The vast majority of resveratrol research in the past has focused on the polyphenol’s relationship to the SIRT1 gene, which gets activated in times of extreme calorie restriction. Once activated, SIRT1 produces anti-inflammatory and antioxidant proteins, and has been shown to be associated with a longer lifespan. Resveratrol, some studies have found, can activate the SIRT1 gene just as calorie restriction would. But the research has been inconclusive, and the successful results were obtained using very high doses of resveratrol, much higher than could be consumed drinking wine.
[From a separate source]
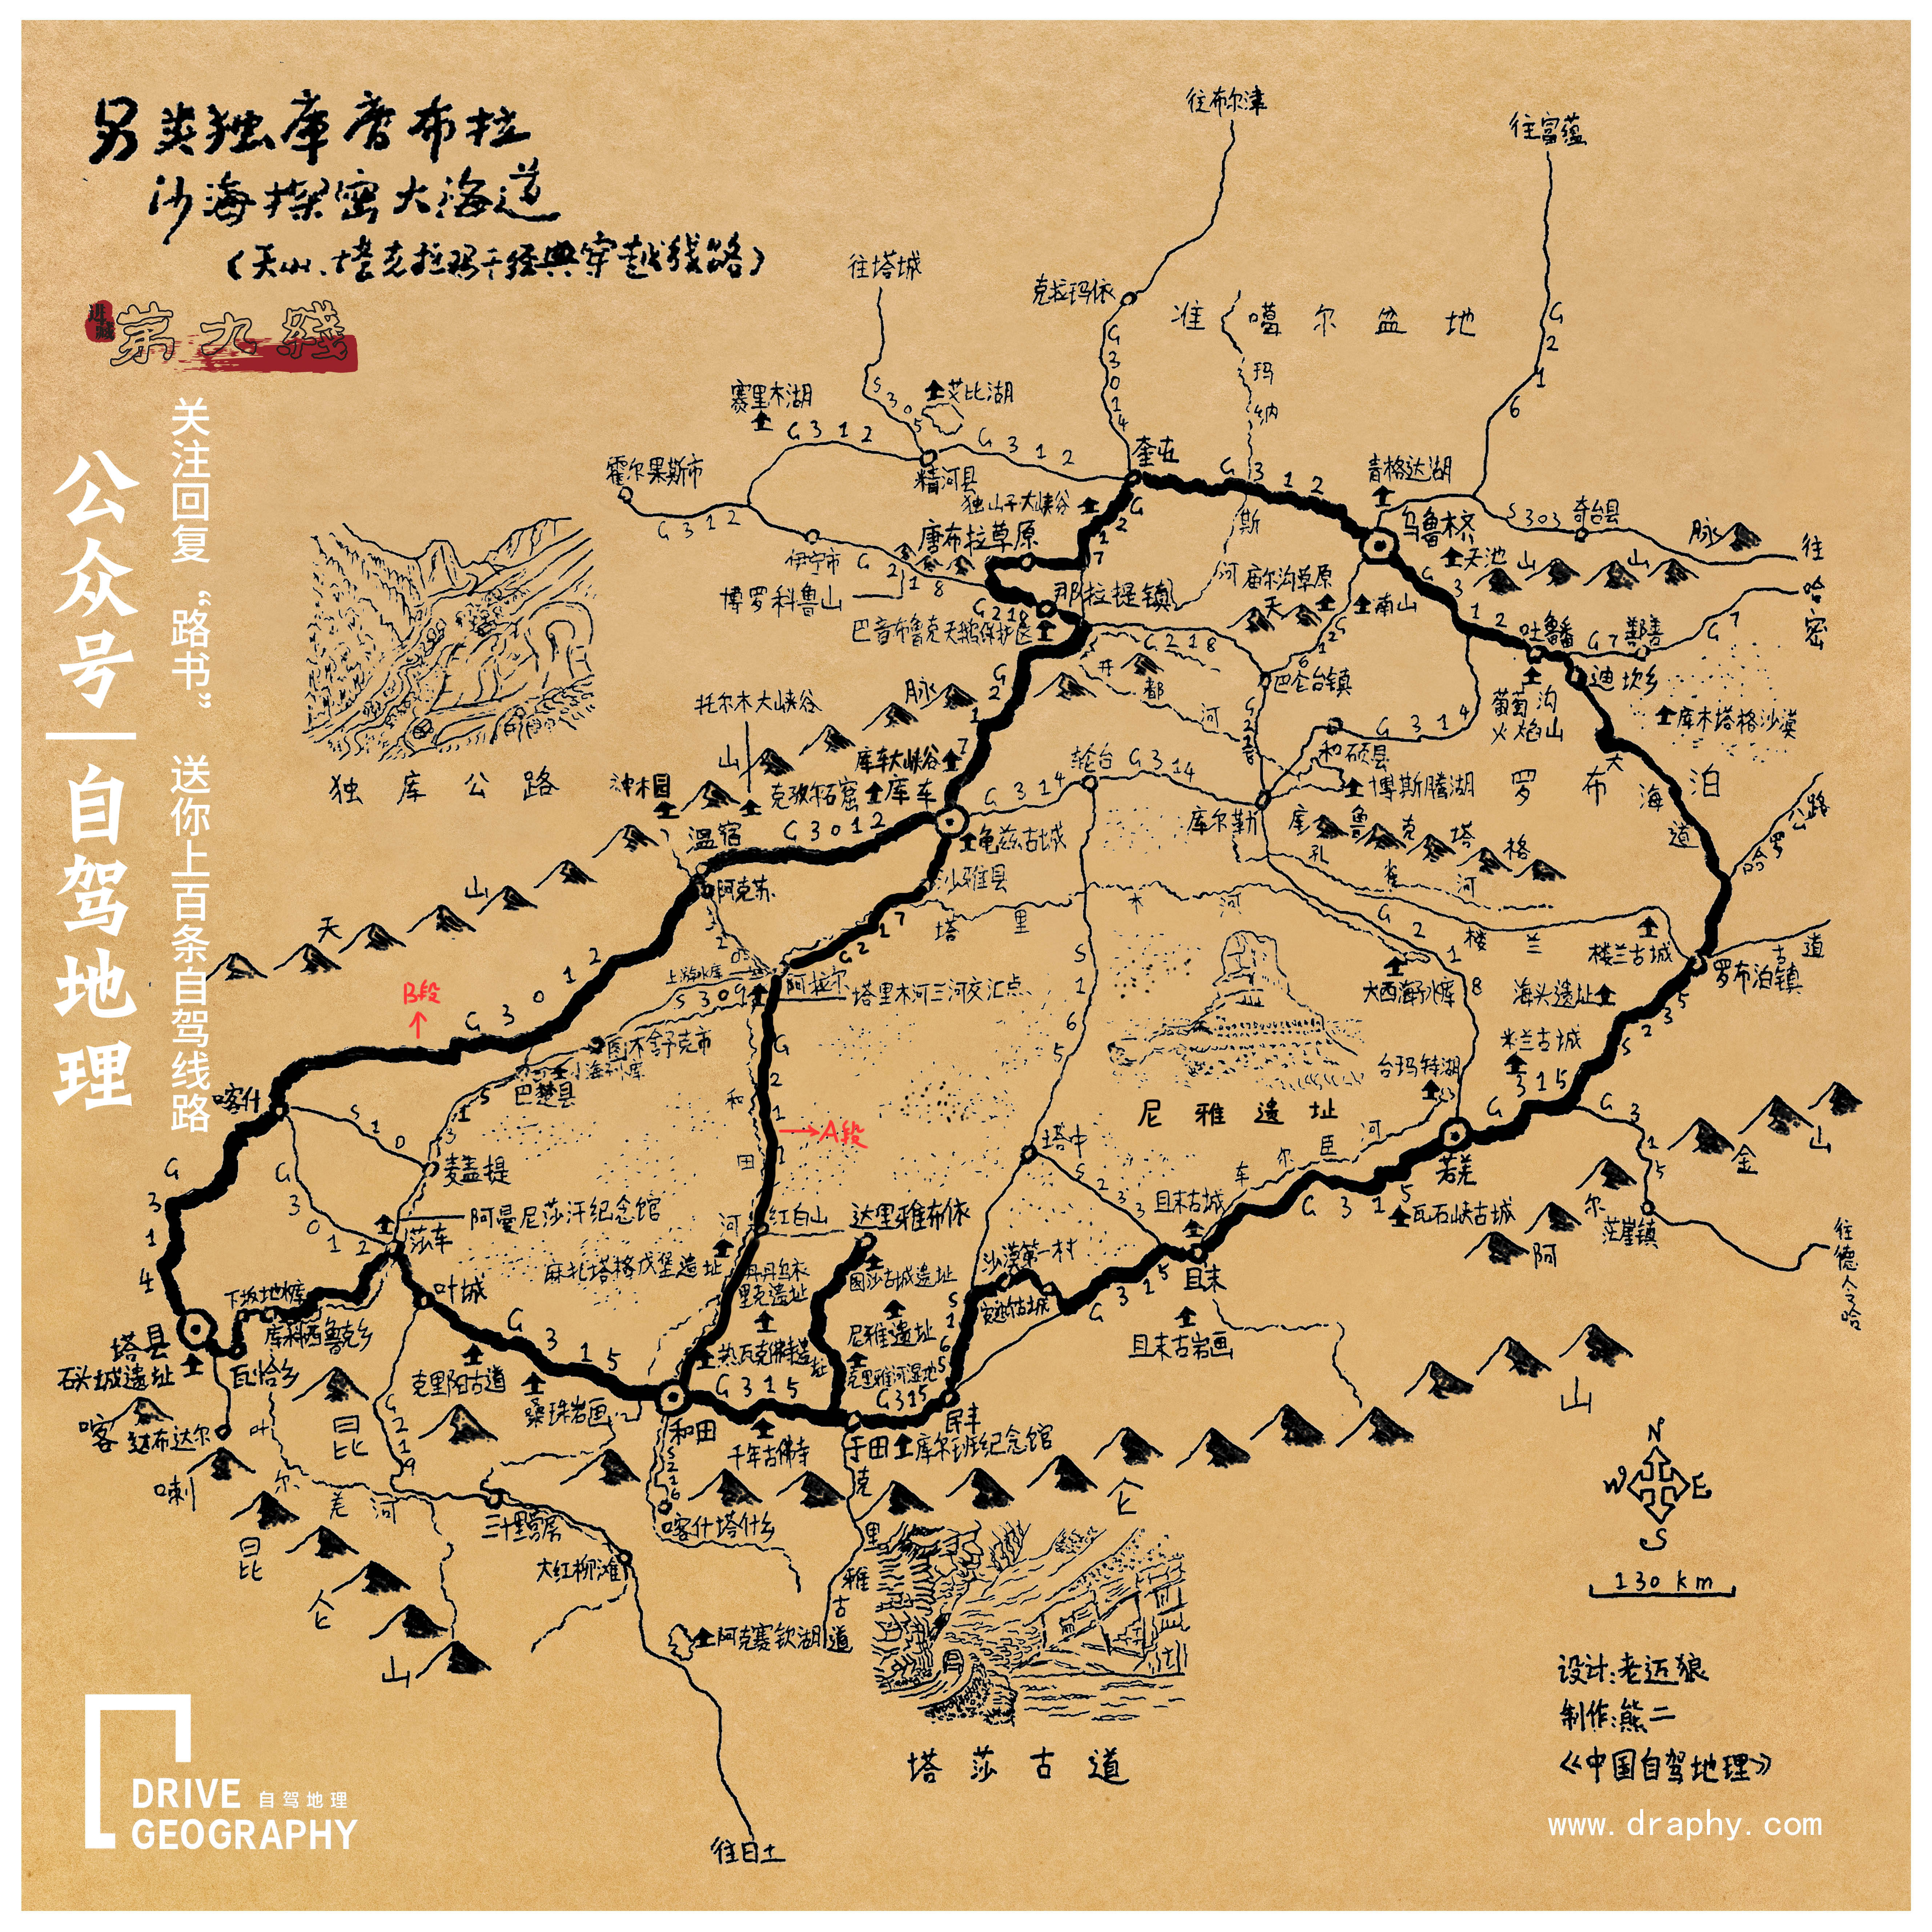 手绘地图,制作@《中国自驾地理》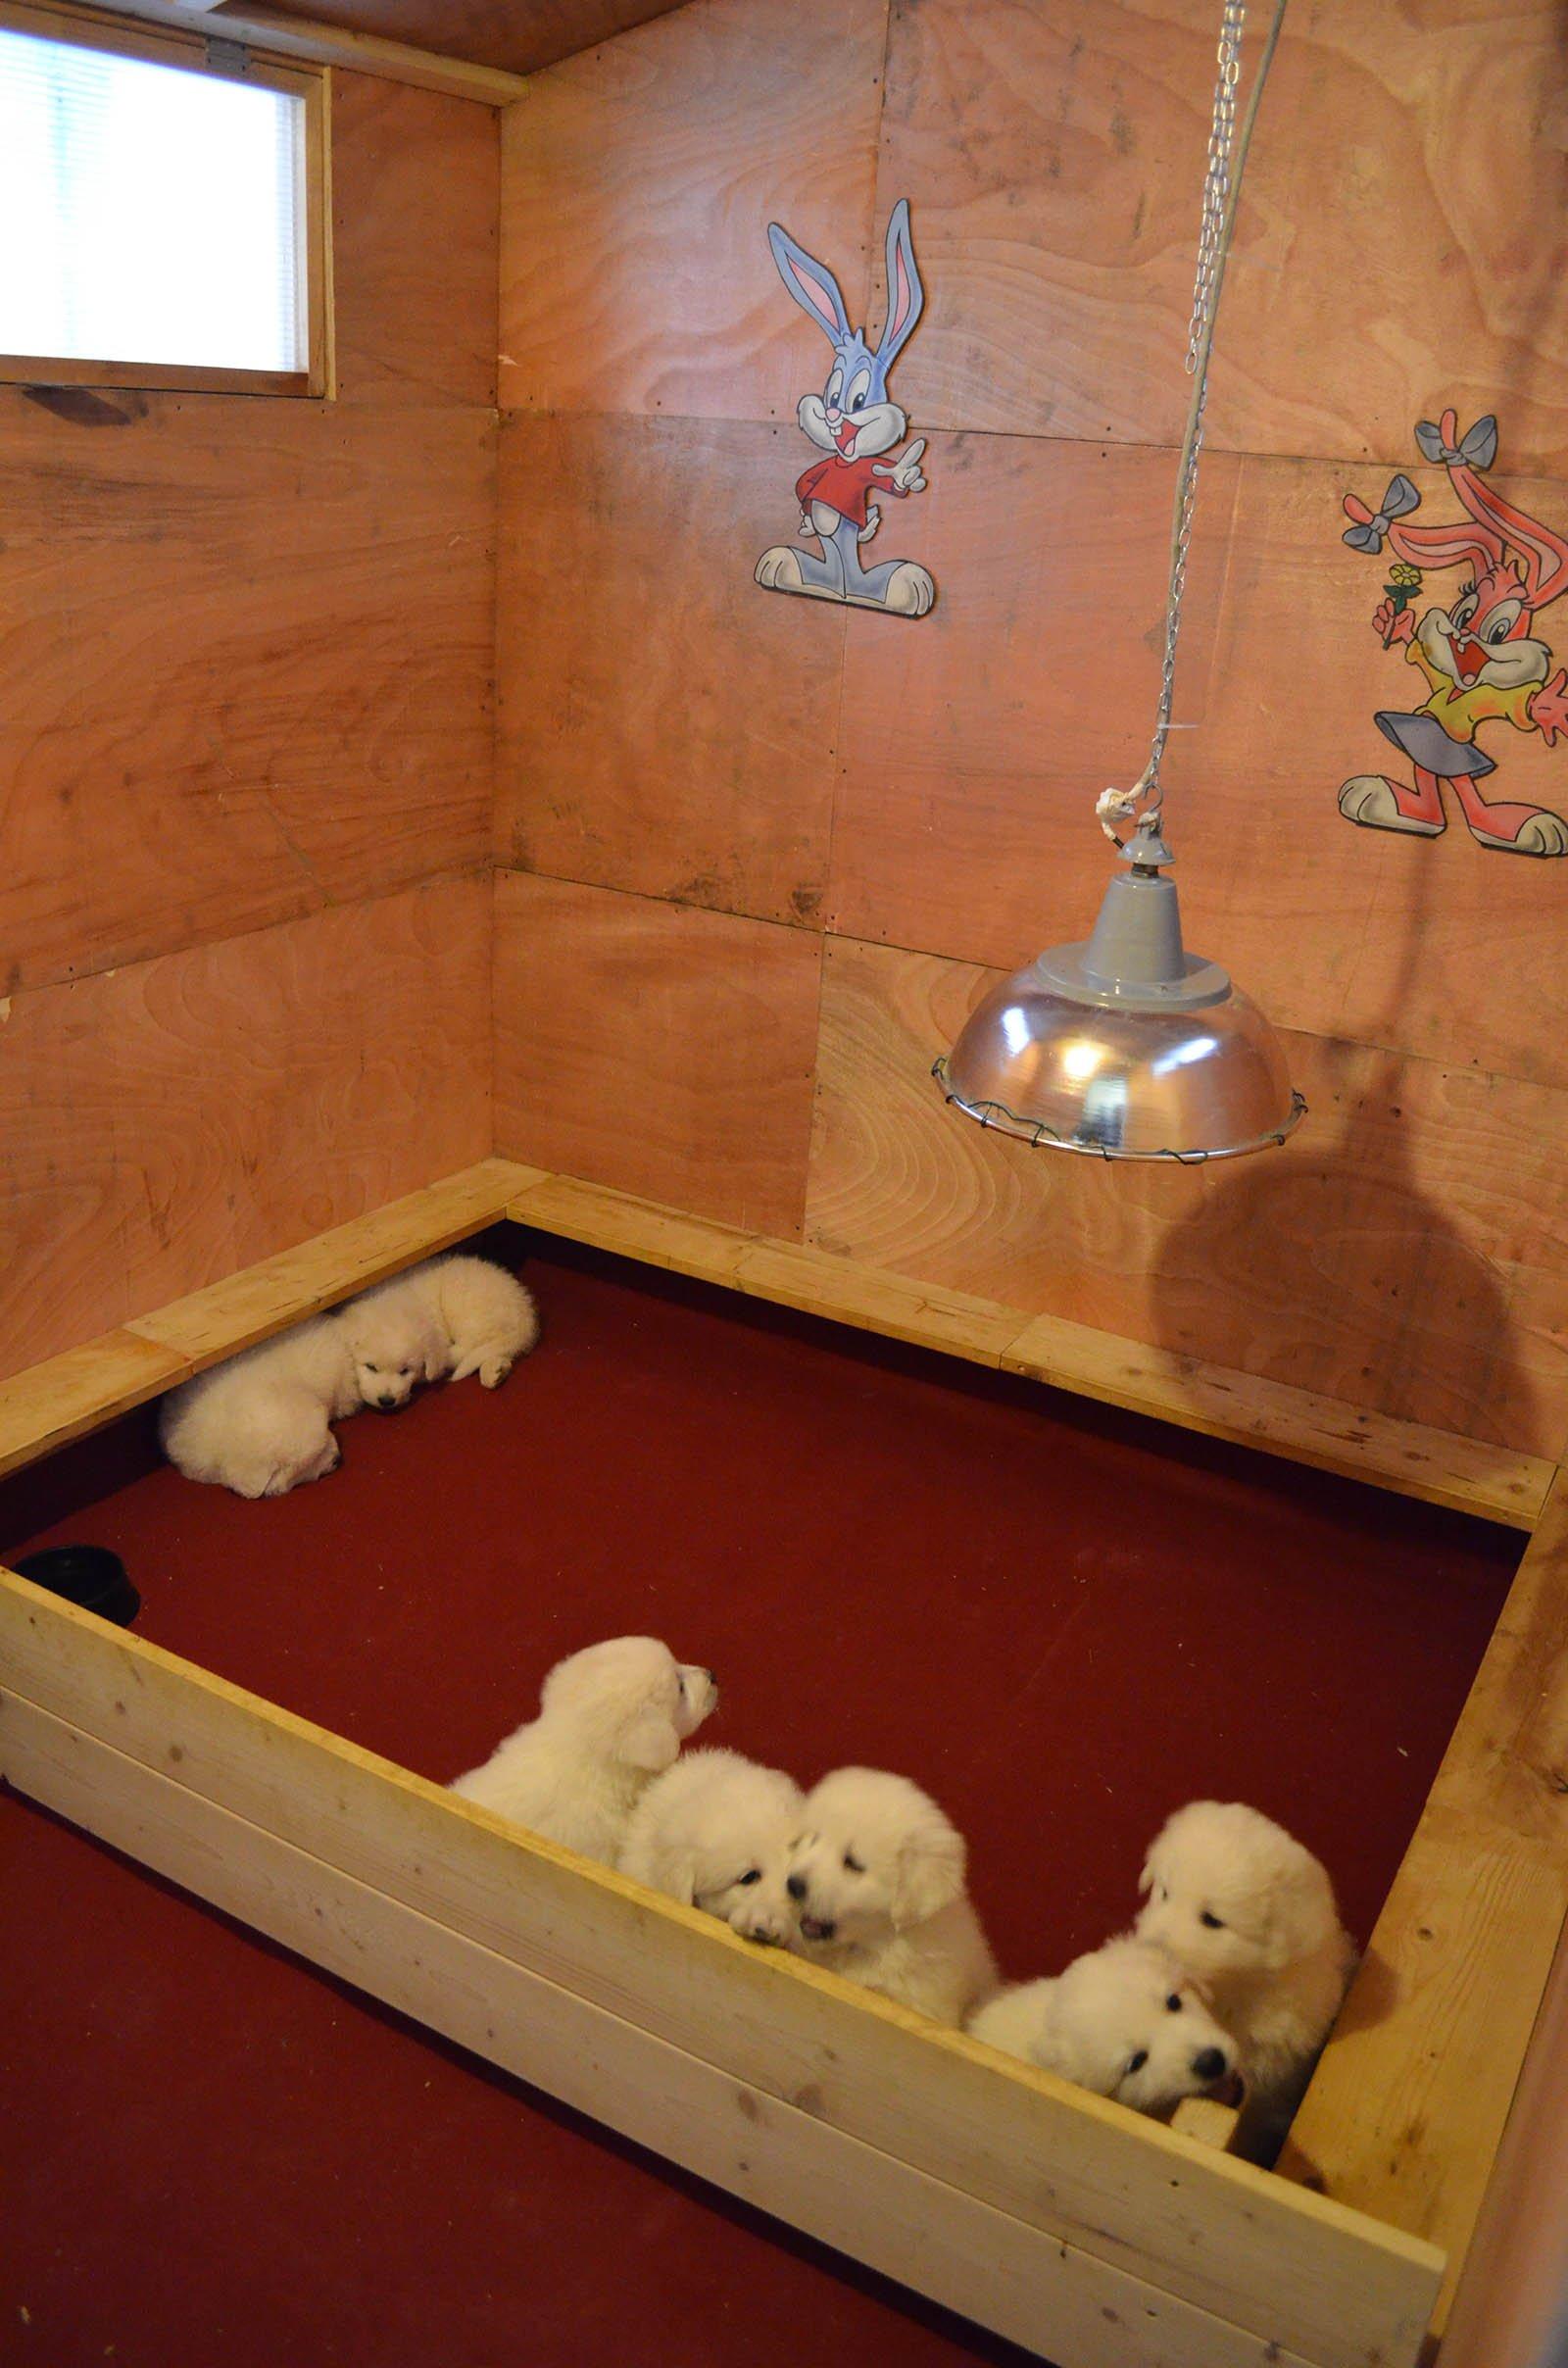 dei cuccioli di pastore maremmano in un box  di legno

The Scripps researchers are looking at a mechanism that takes place at much lower concentrations of resveratrol, however—as much as 1,000 times lower than what’s been seen in previous studies, according to a statement by the scientists. “Based on these results, it is conceivable that moderate consumption of a couple of glasses of red wine (rich in resveratrol) would give a person enough resveratrol to evoke a protective effect via this pathway,” said lead study author Dr. Mathew Sajish.

Published in the journal Nature, the study involved injecting mice with resveratrol. It found that resveratrol mimics an amino acid called tyrosine. Under stressful conditions, tyrosine binds with the enzyme TyrRS, a tRNA synthetase that helps our genes create proteins. When the amino acid binds to TyrRS, it halts its protein translation activity and moves it into the cell nucleus.

Once TyrRS and tyrosine—or its imposter resveratrol—are in the cell nucleus, they activate the gene PARP1, which in turn activates a number of other genes. This is where the scientists begin to see anti-aging potential: PARP1 is a stress-response gene, known to repair DNA and promote longevity; other genes that it activates include p53, a tumor suppressor, and FOXO3A and SIRT6, both known to increase lifespan.

“We believe that TyrRS has evolved to act as a top-level switch or activator of a fundamental cell-protecting mechanism that works in virtually all forms of life,” said Sajish, noting that resveratrol probably exists in plants such as grapevines in the first place because it performs the same protective function in those organisms.

Sajish and his colleagues will continue to investigate other possible amino-acid mimics. Their research has not directly examined the effects of wine consumption, but their findings here may mark a promising new chapter in our quest to understand resveratrol.